Segment Start: RECORDS FOR THE TASK
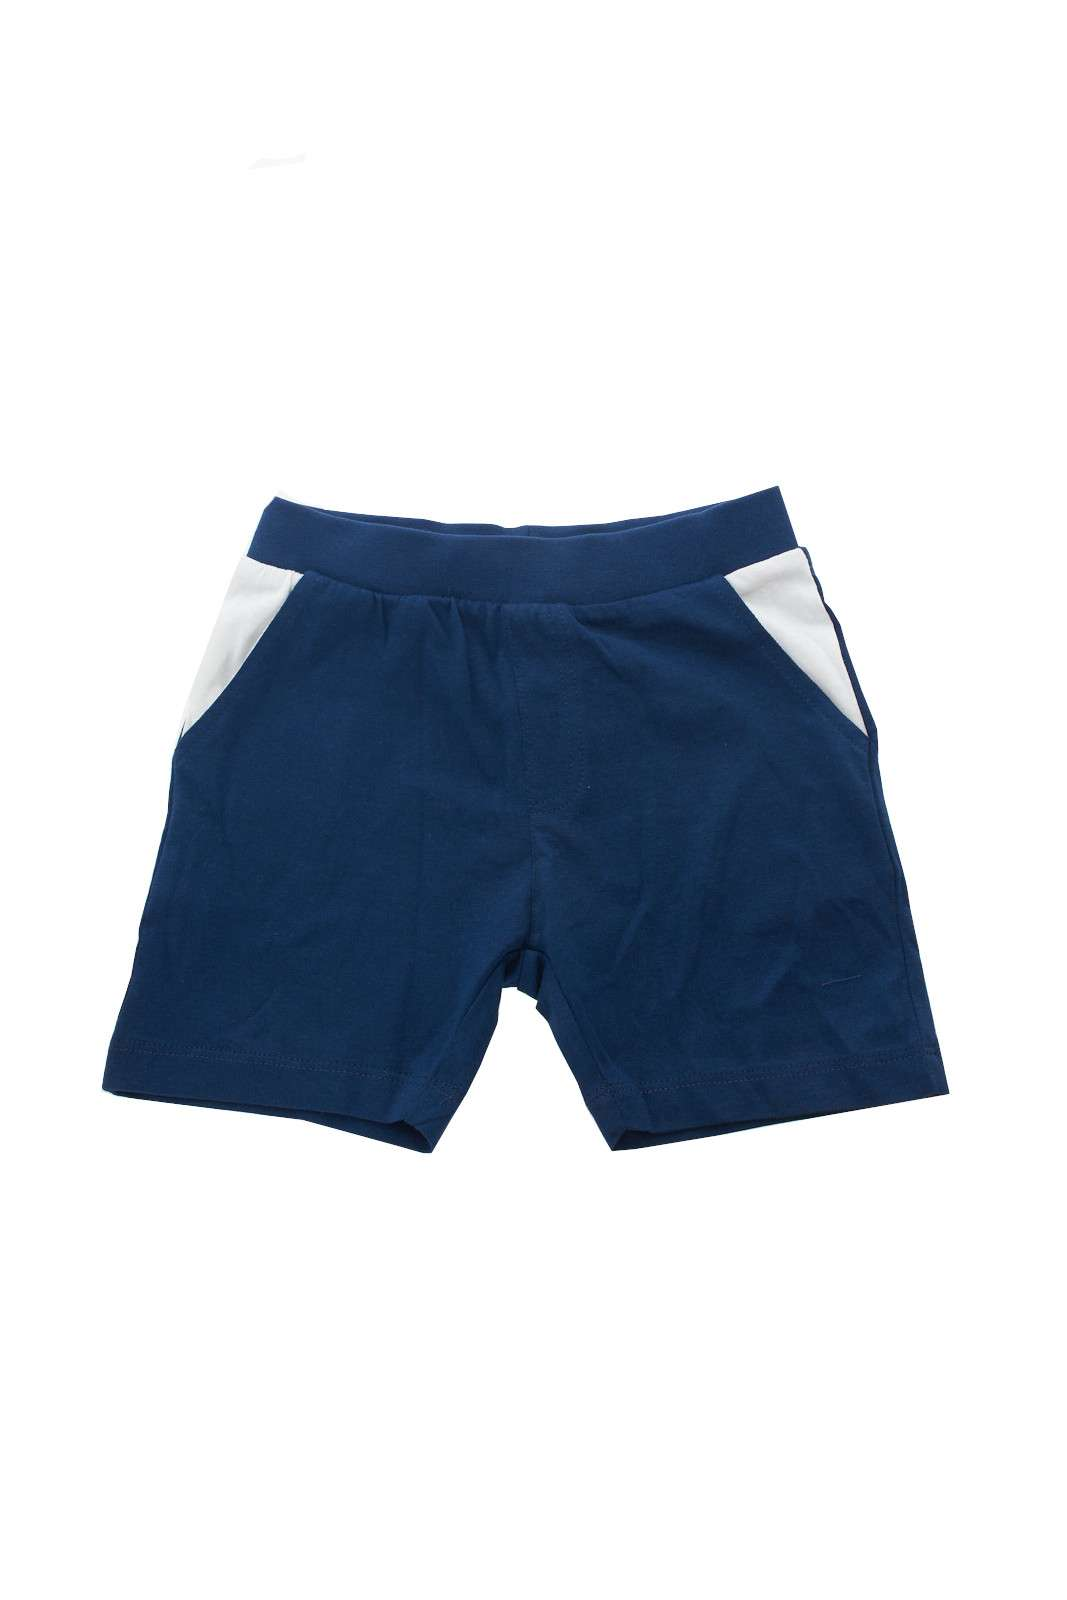 https://www.parmax.com/media/catalog/product/a/i/PE-outlet_parmax-pantaloncini-Bambino-Us-Polo-Assn-512074-A.jpg
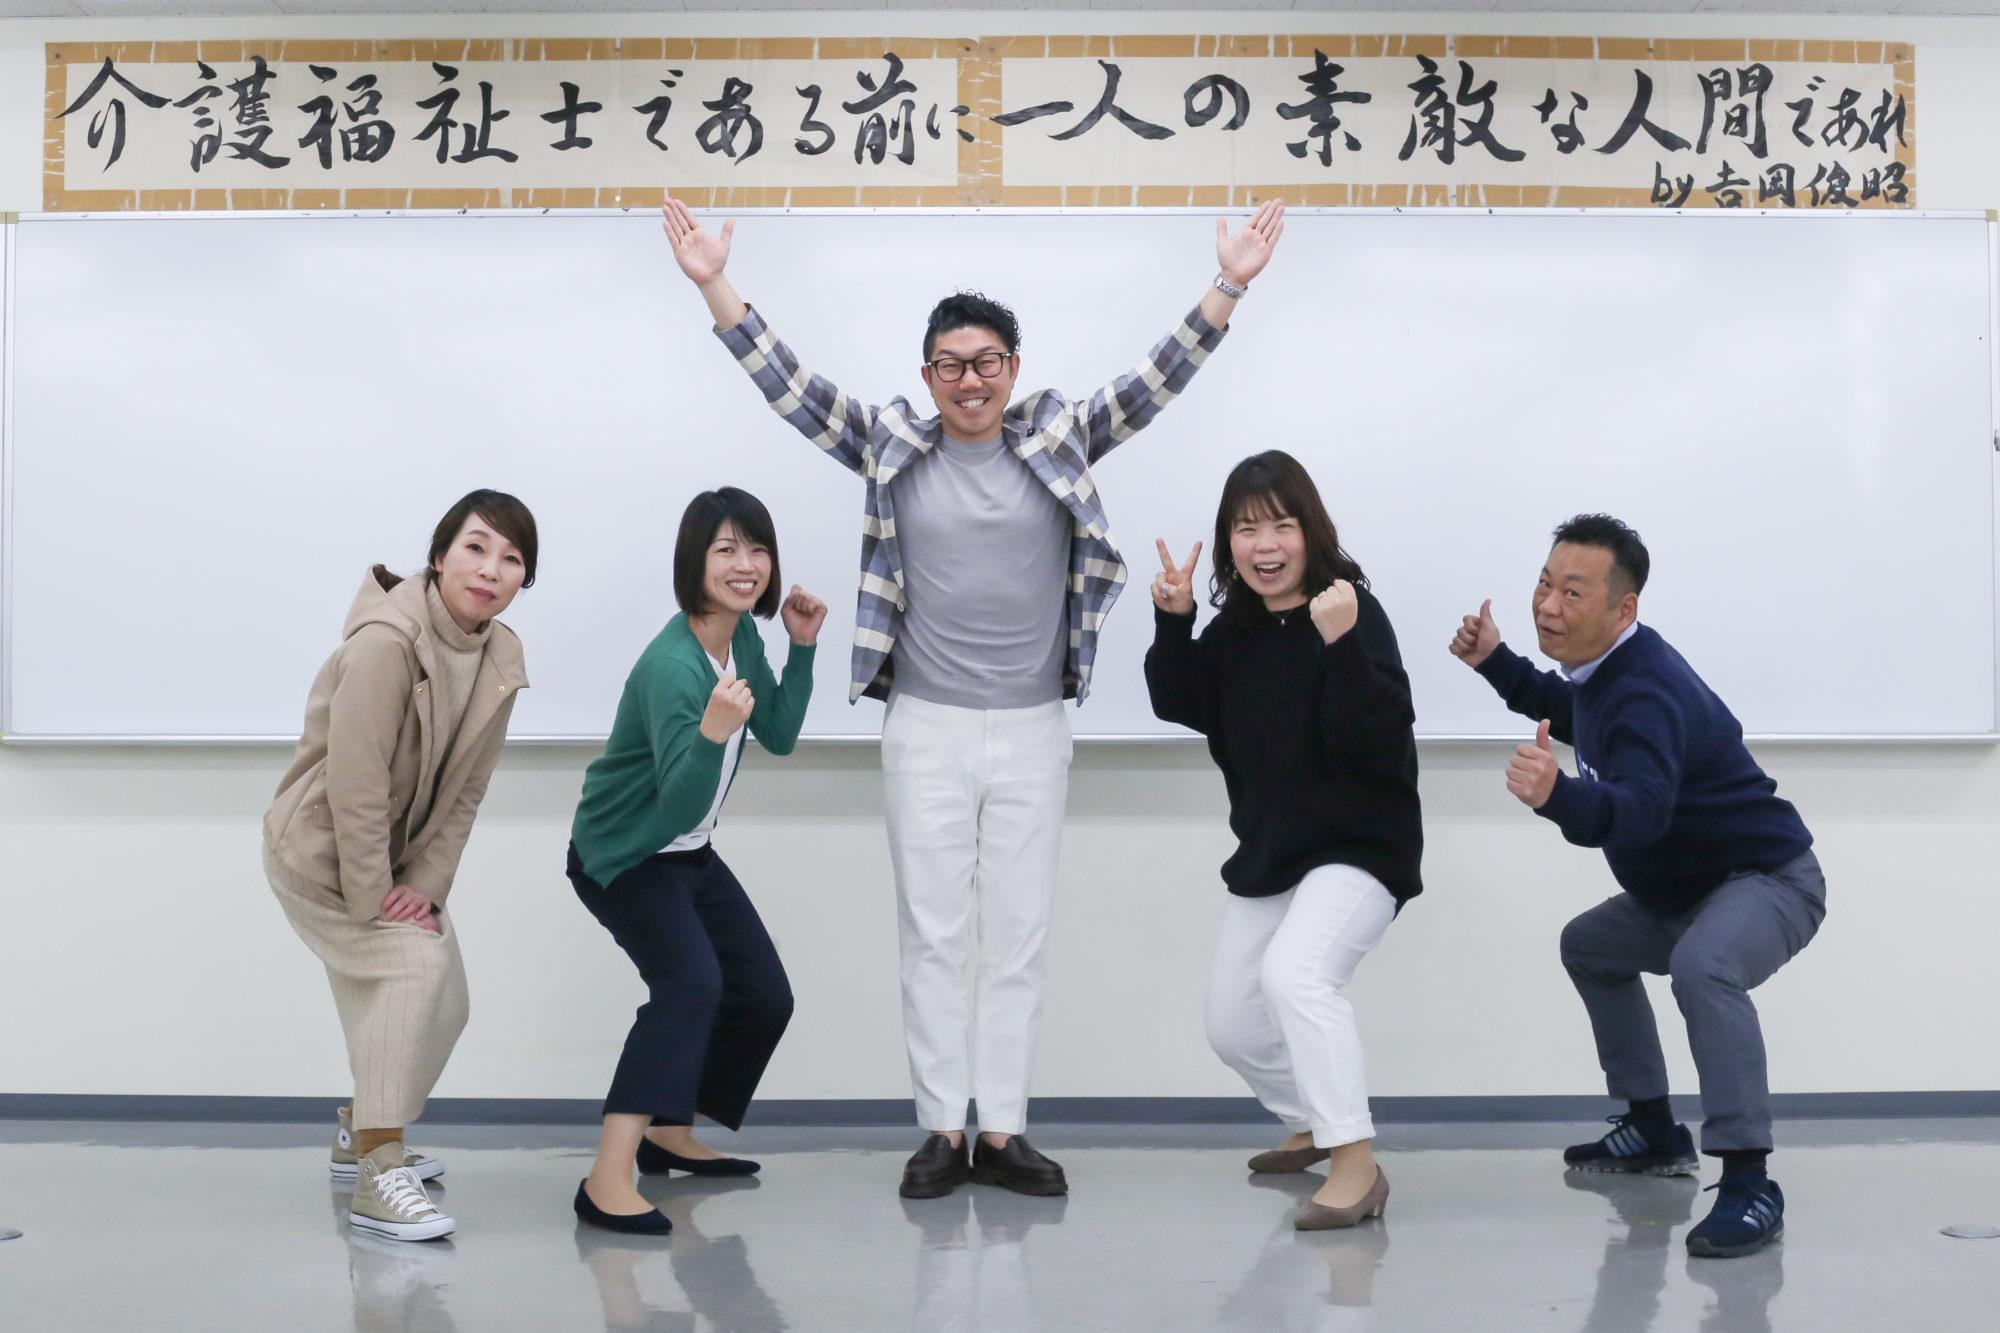 教員紹介 介護福祉学科メイン画像
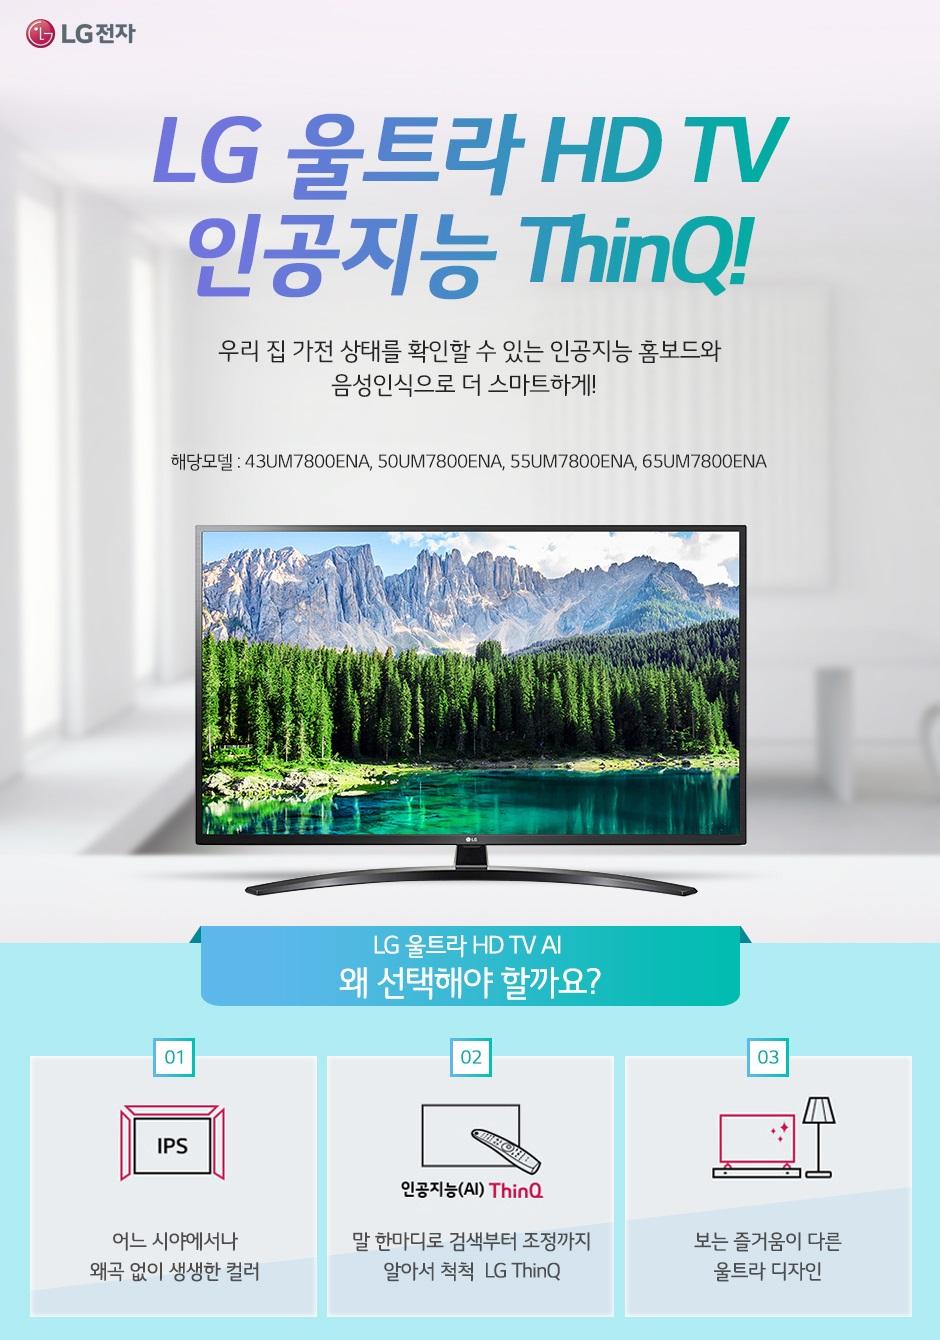 [LG전자] 세계 판매 1위 IPS로 완성한 화질. LG전자 Full-HD TV
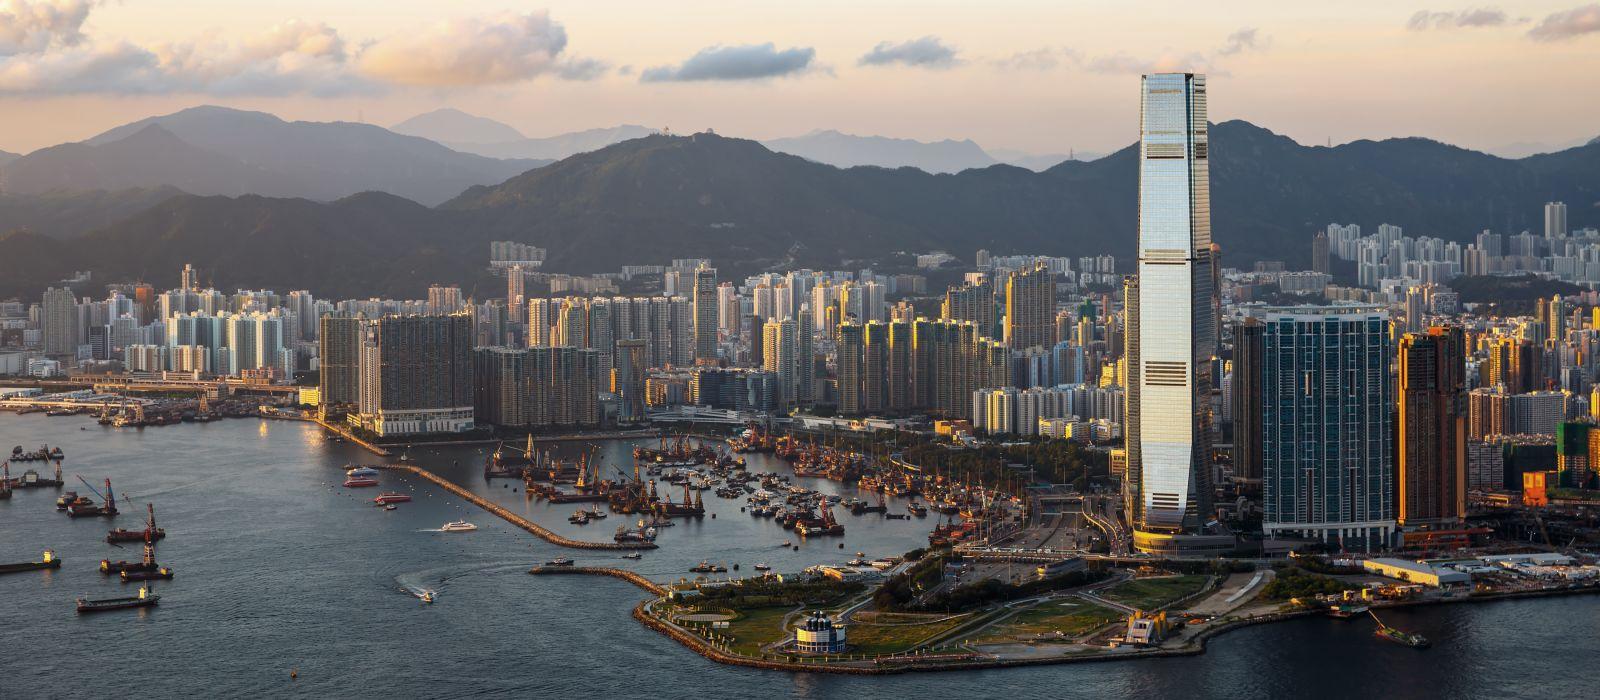 Schöner Sonnenuntergang in West Kowloon, Hongkong, Asien
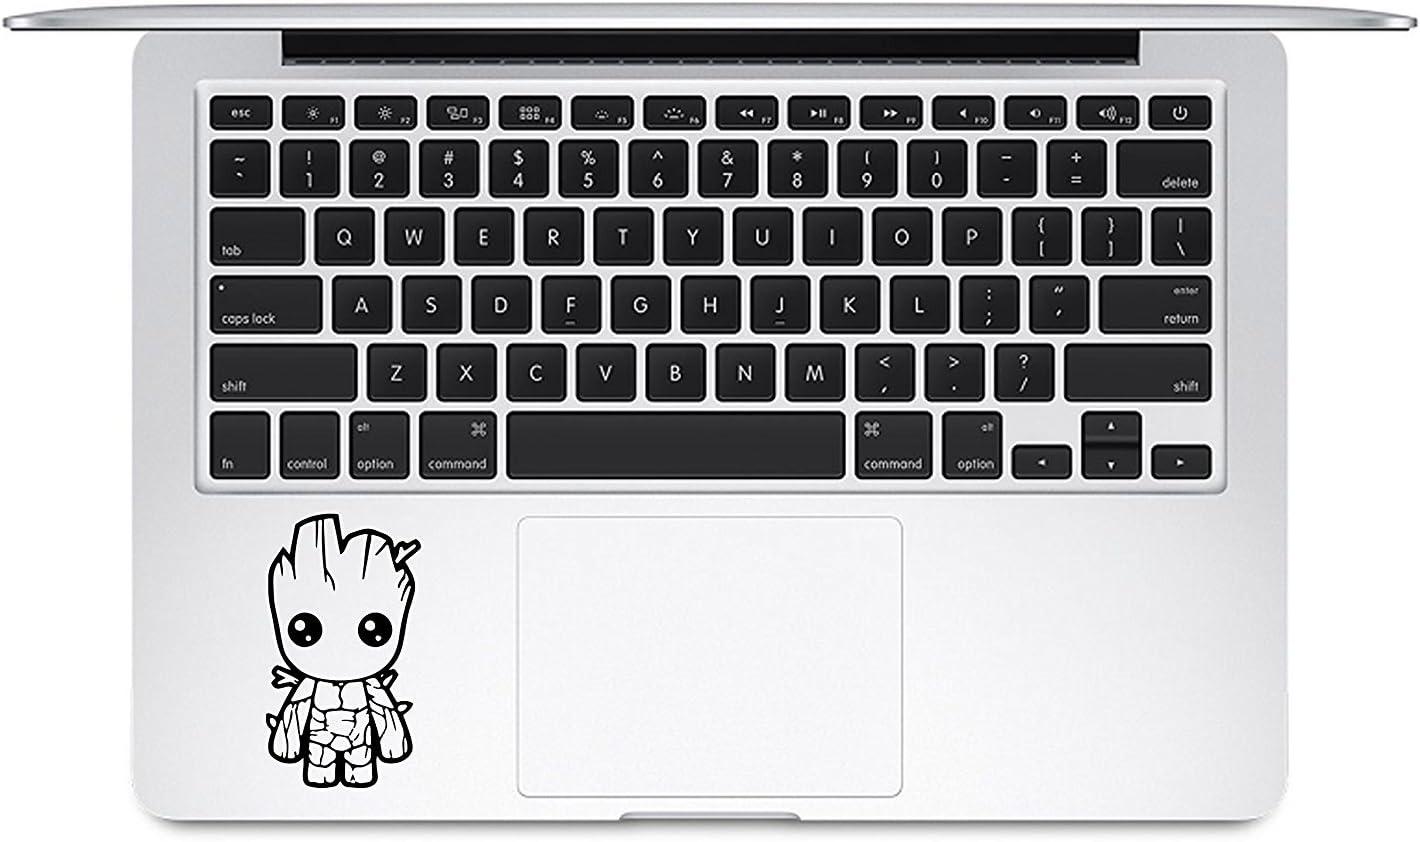 Cute Baby Groot Guardians Decal Vinyl Laptop Sticker | Black | 3.5
Segment End: RECORDS FOR THE TASK
= PROBLEM TO WORK ON =
Give back the material above exactly, without pictures.

= RESULT OF THIS EXERCISE =
 https://www.parmax.com/media/catalog/product/a/i/PE-outlet_parmax-pantaloncini-Bambino-Us-Polo-Assn-512074-A.jpg
 教員紹介 介護福祉学科メイン画像
 [LG전자] 세계 판매 1위 IPS로 완성한 화질. LG전자 Full-HD TV
 Schöner Sonnenuntergang in West Kowloon, Hongkong, Asien
 Cute Baby Groot Guardians Decal Vinyl Laptop Sticker | Black | 3.5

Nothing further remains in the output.